During last week’s City Council meeting, Hutmacher offered Council members an apology before they approved an additional $65,000 for cost overruns.
“It became clearly evident that we did a poor job of setting expectations for this project,” the city manager said. “A part of my job is to make sure Council is aware of and prepared for projects that move forward.”
Below: 'It needs to be investigated'
Originally budgeted at $1,665,559 with a $50,000 contingency fee. Hutmacher and parks director Brent Walker say costs now add up to at least $1,835,599. The 16-acre park will include a central park square -- an expansive lawn featuring an event pavilion and a passive play area perfect for family picnics and casual outdoor activities. The square will also house a pair of bocce courts as well as a custom art installation.
Hutmacher described the misjudgment in planning costs as part of the perils of construction and Public Works. Some of the additional costs include relocating fire hydrants and addressing bad soil at $10,000 and $35,000, respectively.

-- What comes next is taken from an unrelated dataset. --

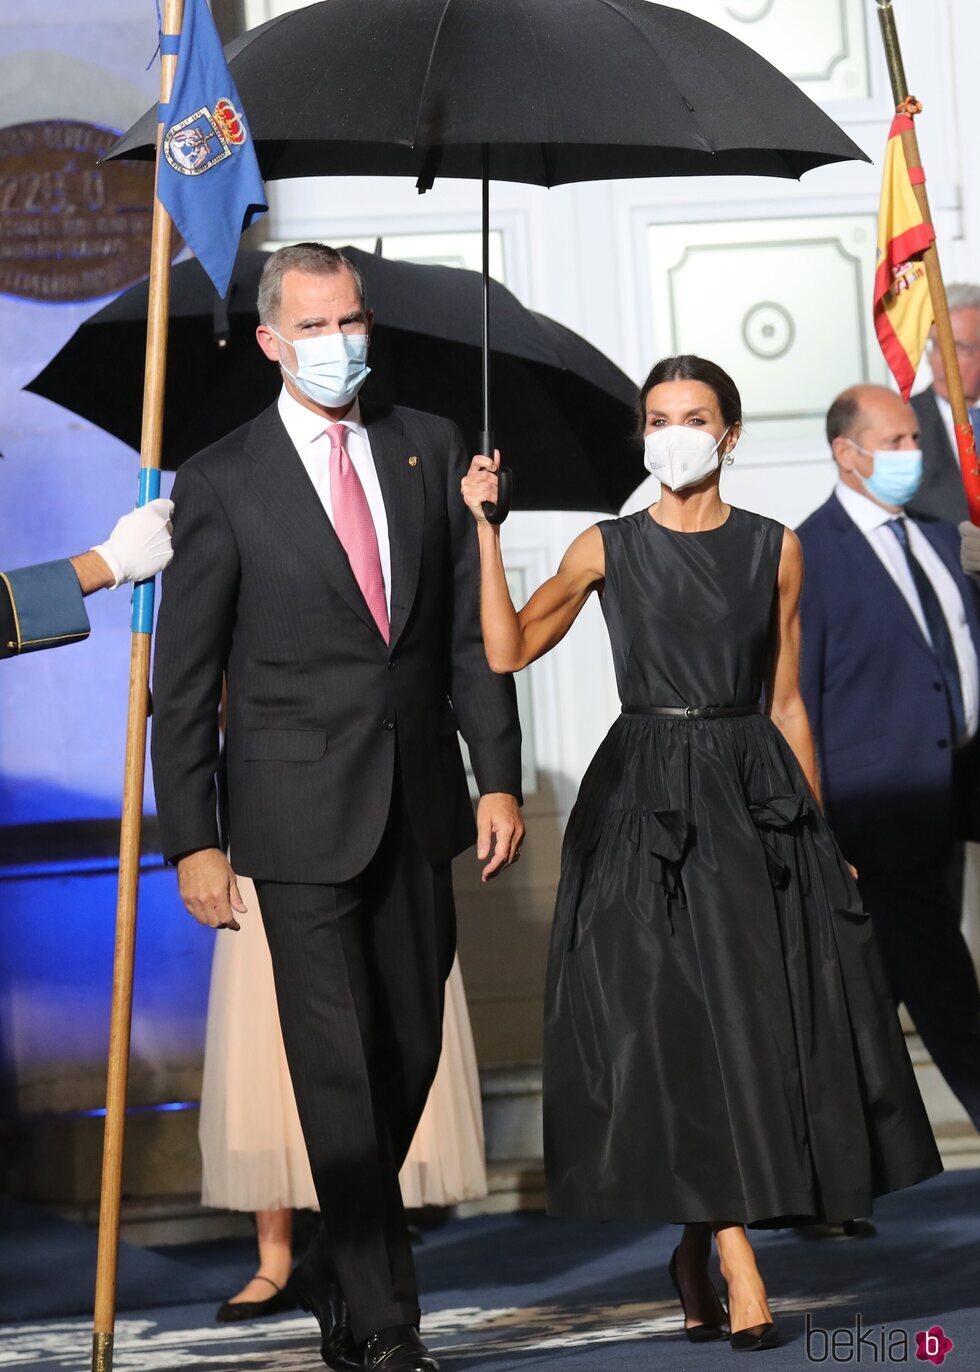 Los Reyes Felipe y Letizia tras la gala de los Premios Princesa de Asturias 2021

Councilwoman Lynn Deutsch told Hutmacher, “If all of this had been discovered earlier, we might not have spent so much on everything else. We might have chosen not to do the bocce court or the pavilion...or at least delayed it to a different budget cycle.”
Councilwoman Adrian Bosner suggested Hutmacher was inexperienced. “So this is the first time you’ve done a project like this, so you can’t tell us, ‘Oh this is how these projects are done. This happens all the time.' ”
Bosner called for legal action. “I’m extremely concerned and I wonder about the legality of this entire process. It needs to be investigated. You have not been forthcoming with information and I am seriously concerned.”
In explaining, Hutmacher said, “I think what you will find in here is not poor decisions but a matter of the timing of when those decisions were brought forward. Some of which I wish we had caught, like the sidewalk issue [on Dunwoody Park Drive] and the fire hydrants, but there’s 999 other ones we did catch.”